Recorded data
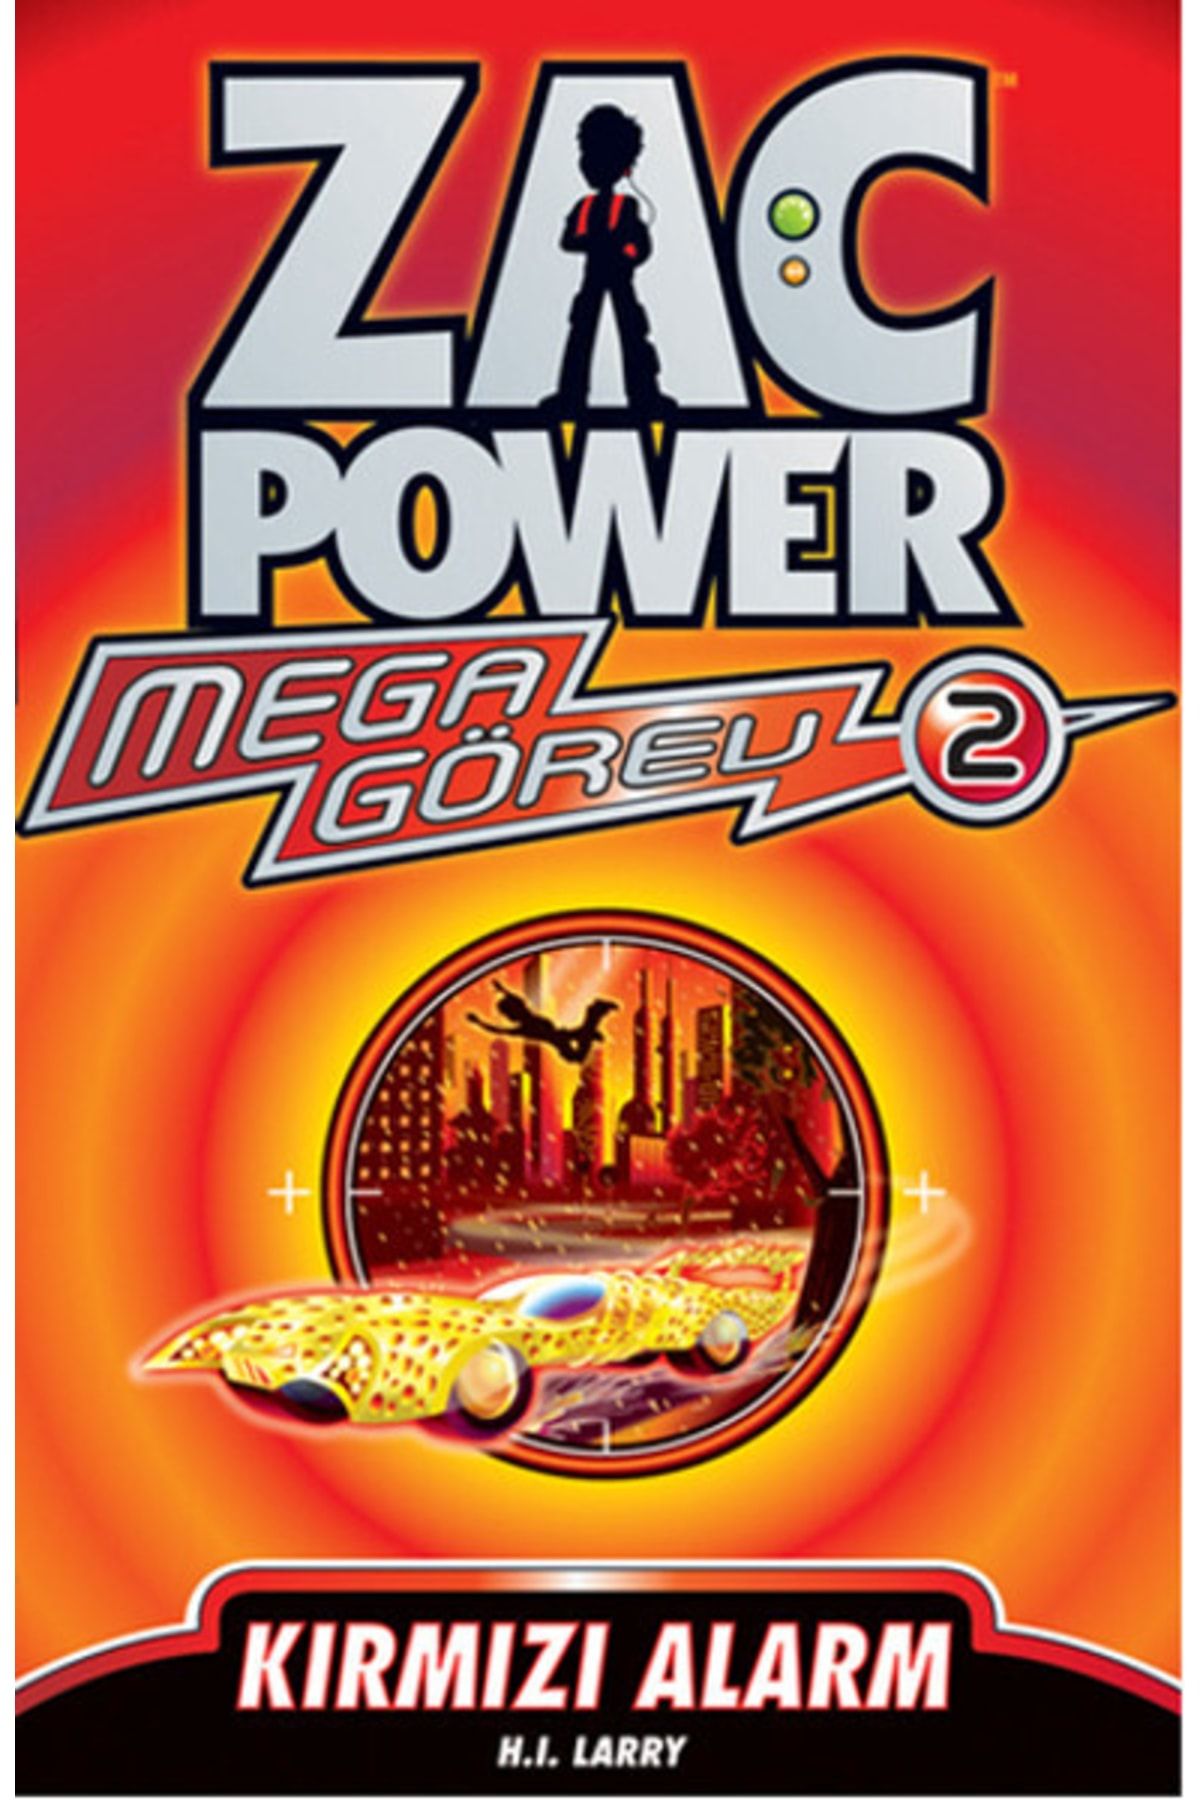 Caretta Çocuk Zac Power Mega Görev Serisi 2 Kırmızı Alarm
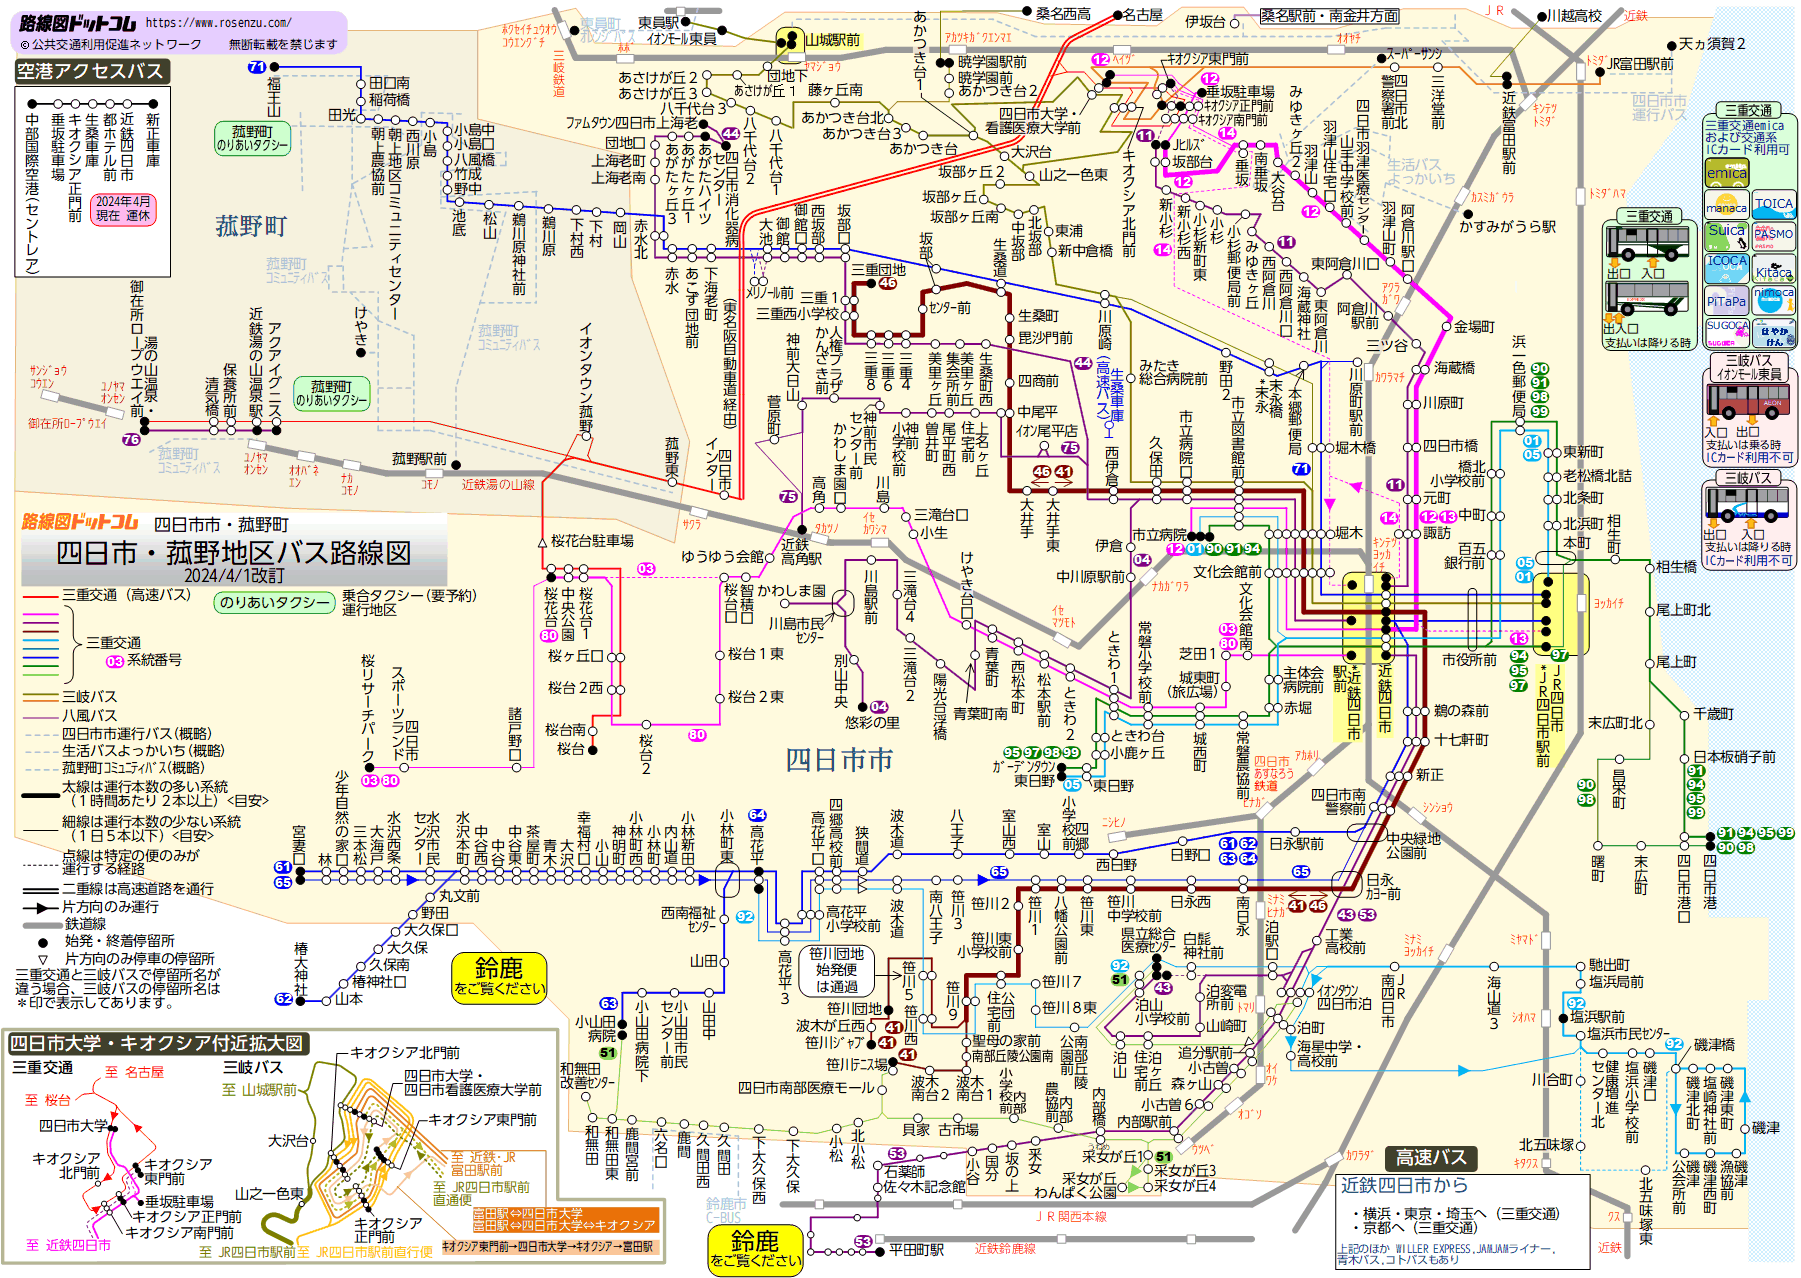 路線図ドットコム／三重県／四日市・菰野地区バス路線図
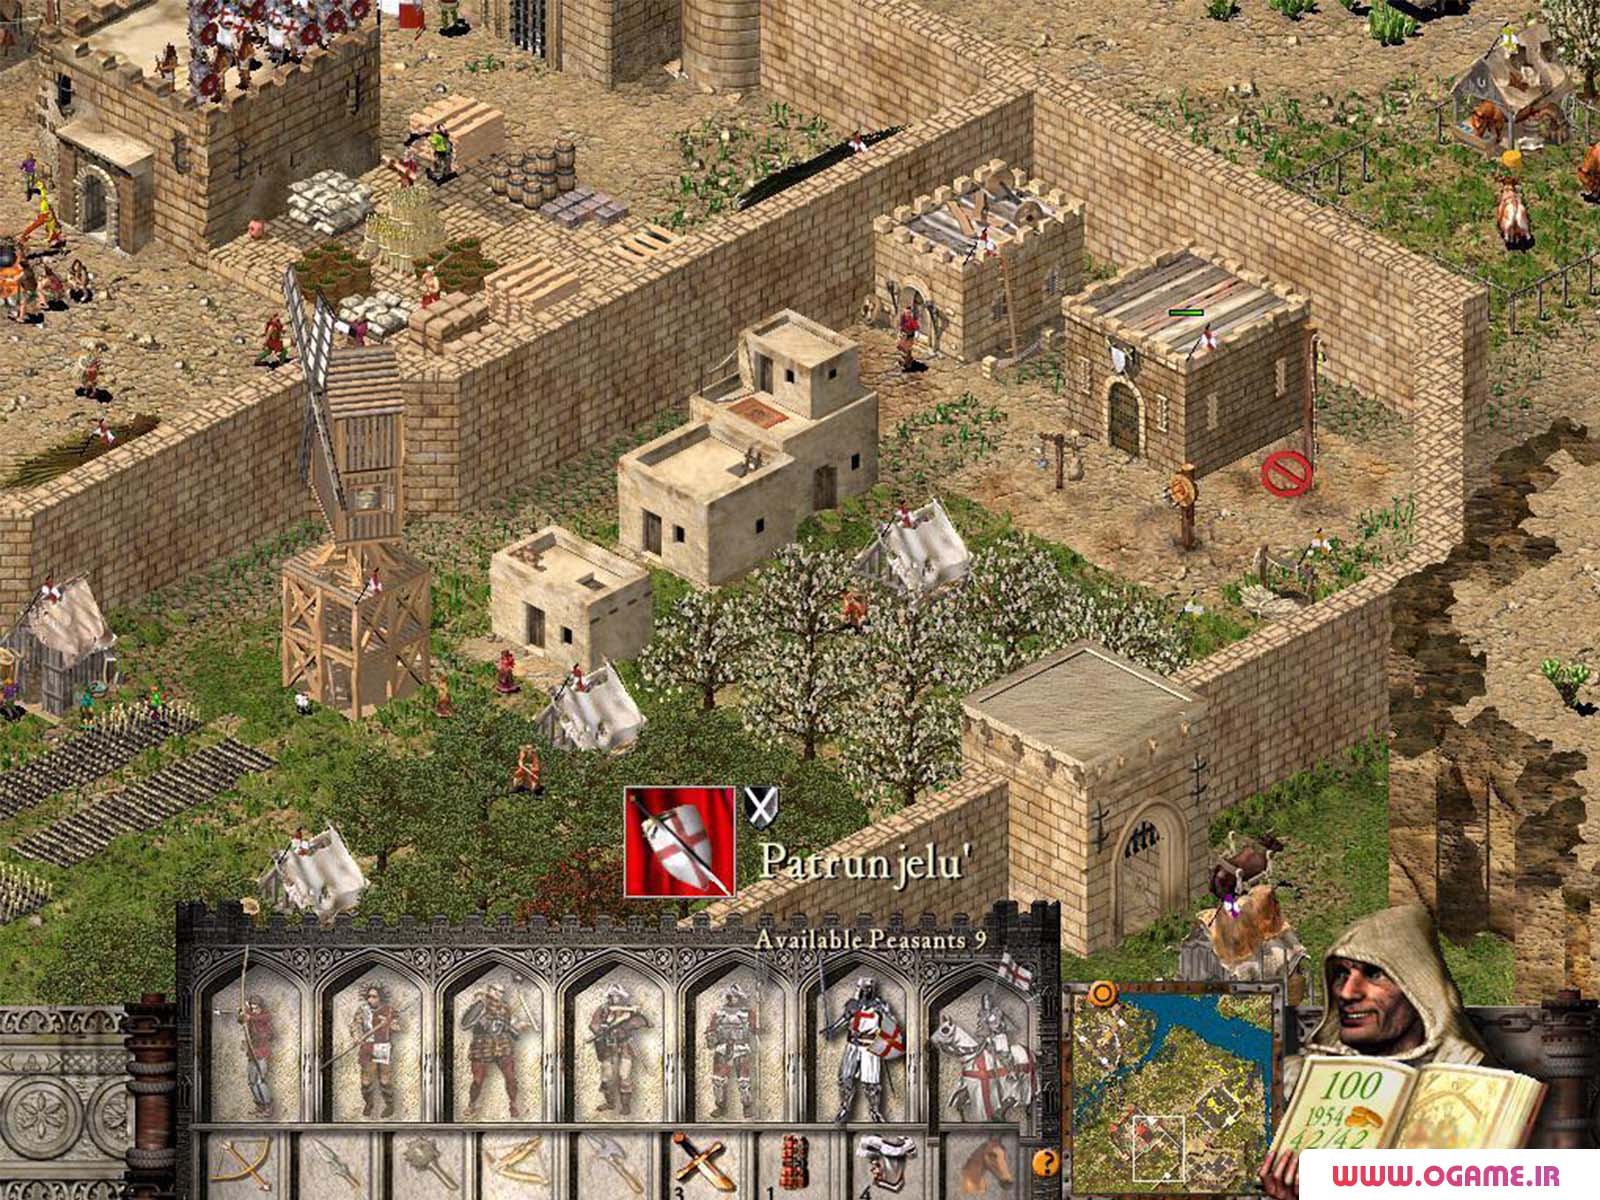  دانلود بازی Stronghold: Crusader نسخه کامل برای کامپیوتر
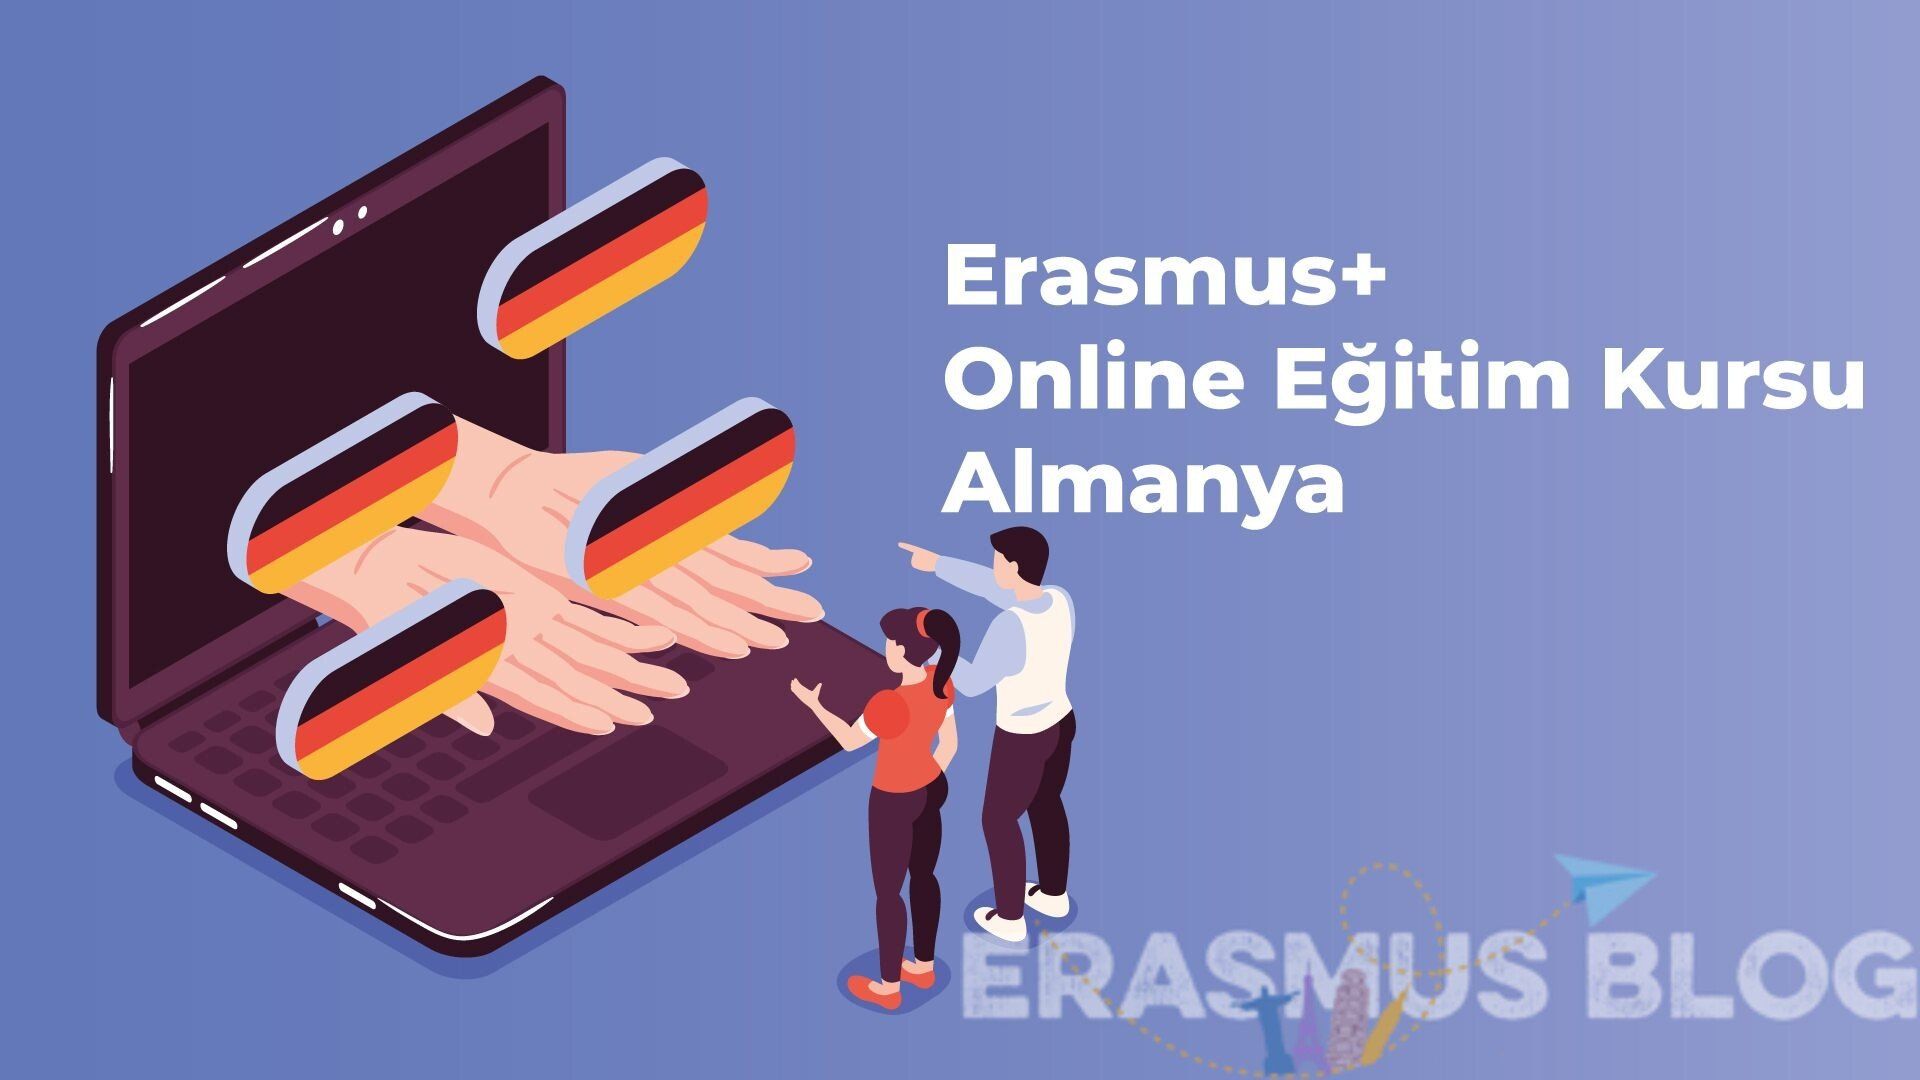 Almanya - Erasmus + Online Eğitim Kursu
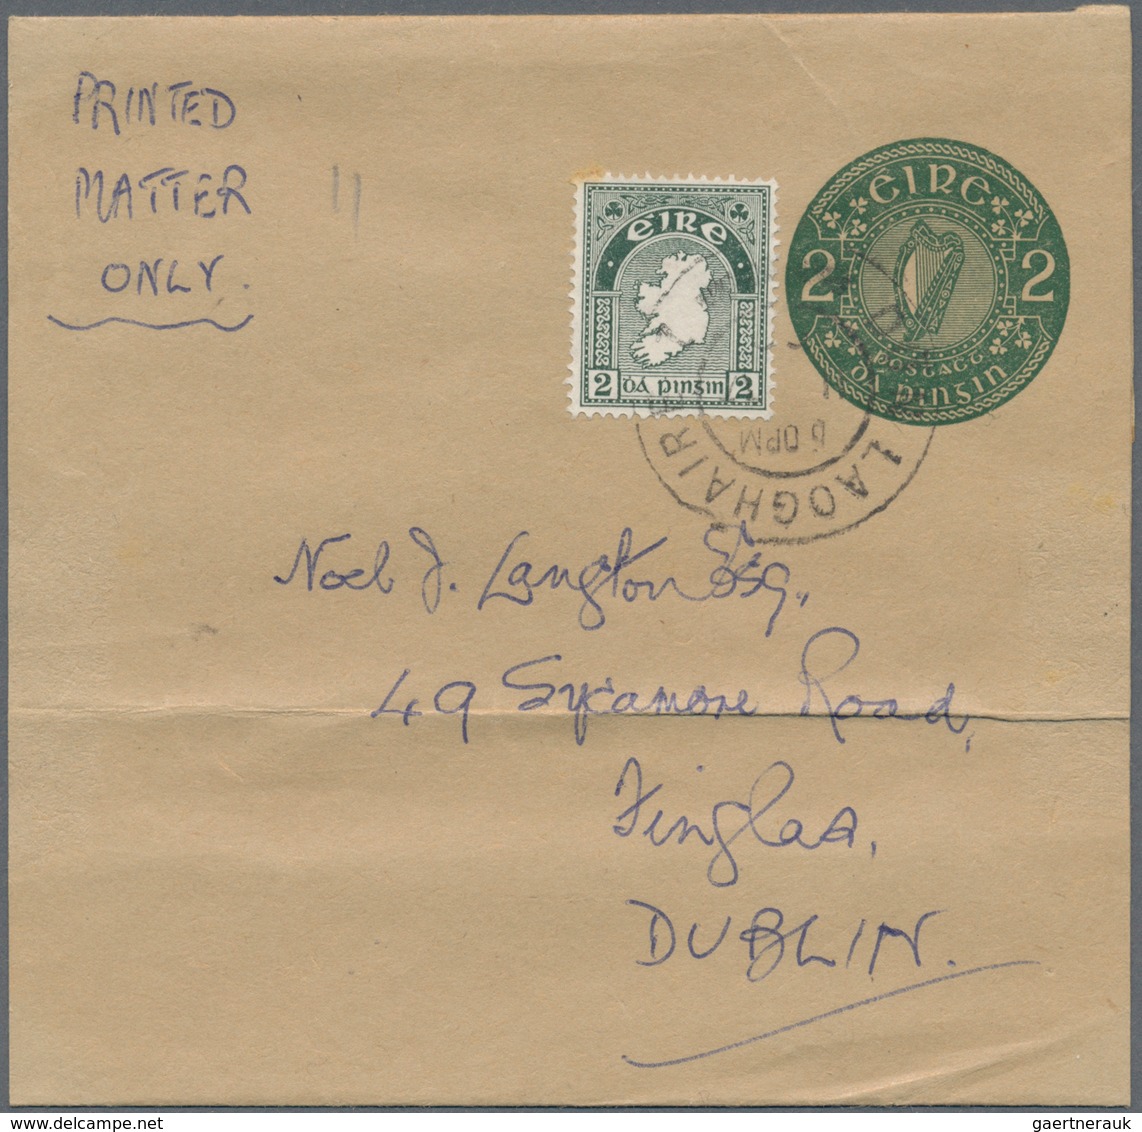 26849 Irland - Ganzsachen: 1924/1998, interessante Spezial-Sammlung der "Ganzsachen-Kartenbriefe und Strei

**The problem:** Copy out the entries verbatim and leave the images out.

**Solution:**
 Caretta Çocuk Zac Power Mega Görev Serisi 2 Kırmızı Alarm
 路線図ドットコム／三重県／四日市・菰野地区バス路線図
  دانلود بازی Stronghold: Crusader نسخه کامل برای کامپیوتر
 Almanya - Erasmus + Online Eğitim Kursu
 26849 Irland - Ganzsachen: 1924/1998, interessante Spezial-Sammlung der "Ganzsachen-Kartenbriefe und Strei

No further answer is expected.